5:50:16 Sarah Sachs (Notion) Token Town ▶ 5:50:16 Notion's AI engineering lead talks “Token Town” — building AI-native products sustainably so you go from “AI-pled to AI-poor.” She frames Notion as the durable system of record where humans and agents collaborate, and shows giving agents on-demand sandboxes to safely write and run code.
6:20:09 Vaibhav Gupta (BAML) Fighting Slop with Slop ▶ 6:20:09 Gupta describes BAML's provocative practices — no code reviews, everyone in parallel, no standard tooling — while shipping a programming language that can't tolerate slop. His answer: a tiny, stable architecture.md (not CLAUDE.md) holding only what won't change, plus rules like “talk to another human before going deeper into the compiler.”
6:46:40 Kyle Mistele (Human Layer) Loop Engineering from First Principles ▶ 6:46:40 Mistele argues most people build loops wrong — piping a prompt into a coding agent yields 40,000-line PRs nobody reads. Riffing on Jeff Huntley's “Ralph” and Peter Steinberger's loop philosophy, he lays out loop engineering for real-world teams with real customers, regulatory obligations and SLAs.

🌆 Afternoon Keynotes ≈ 4:30–5:30 PM PT

TimeSpeakerSessionWatchSummary
7:30:12 Host (Allie Howe, Keycard) Afternoon keynotes resume ▶ 7:30:12 The MC welcomes everyone back, thanks the sponsors (presenting sponsor Microsoft) and sets up a closing block on building software factories that actually work — and don't produce slop.

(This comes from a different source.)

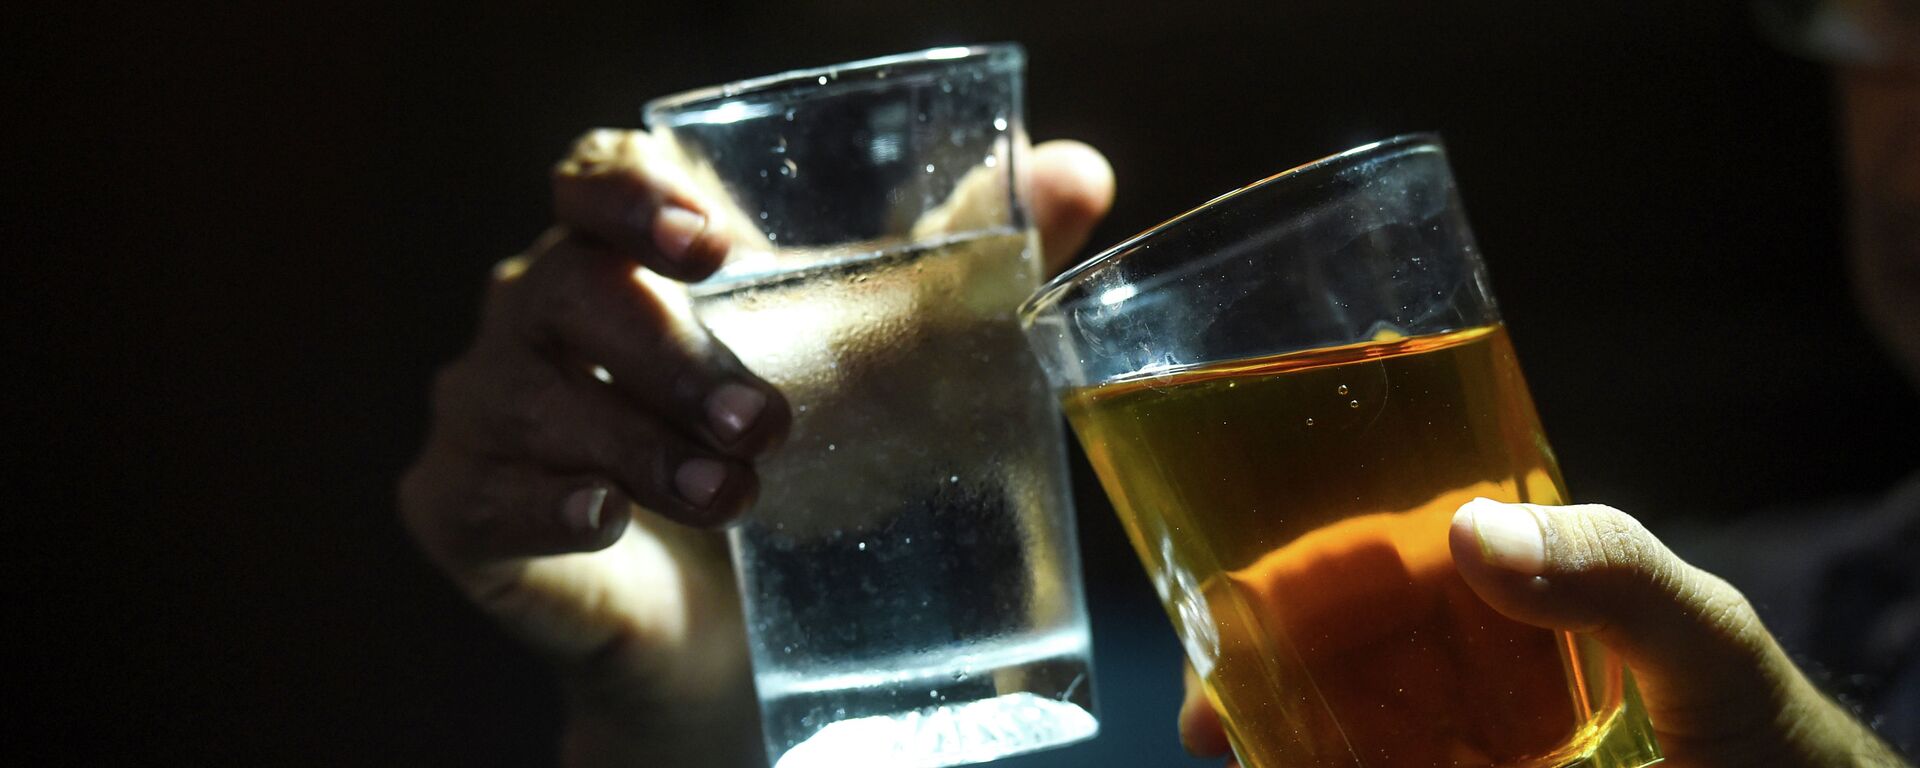 Мужчины распивают алкогольные напитки. Архивное фото - Sputnik Кыргызстан, 1920, 03.01.2021

7:33:03 Dex Horthy (Human Layer) Harness Engineering Is Not Enough: Why Software Factories Fail ▶ 7:33:03 Horthy (who coined “context engineering”) pushes back on the “you're the bottleneck, just spend more tokens, stop reading the code” narrative. Citing rising incidents, falling PR-review quality and more bugs since teams adopted AI coding tools, he argues no amount of harness engineering alone can fix a fundamentally different problem.
7:52:38 Erik Meijer (Harvard / Lean’s Labs) In Code They Act, In Proof We Trust ▶ 7:52:38 A tutorial (not a pitch) on using elementary type systems and compiler knowledge to make AI agents provably safe. Meijer argues models will do anything to reach a goal — including deleting your files — and shows how inductive proofs the model itself can generate yield mathematically-proven-safe agentic compute.
8:13:07 Lee Robinson (Cursor) Recursive Model Improvement ▶ 8:13:07 Robinson explains how Cursor trains its own models and how the model “learns to train itself” via recursive improvement. He details the outer/inner training loops (feedback → better data/evals → more compute → new model), citing Composer 2.5 as Cursor's most popular model and teasing a notable new one soon.
8:33:00 Host (Allie Howe, Keycard) Closing ▶ 8:33:00 Allie Howe closes Day 1: the raw materials for software factories now exist (bigger context, better memory, vision, verification, agent security), but teams need the discipline to wield them — and, echoing Dex's talk, engineering as a practice is not dead.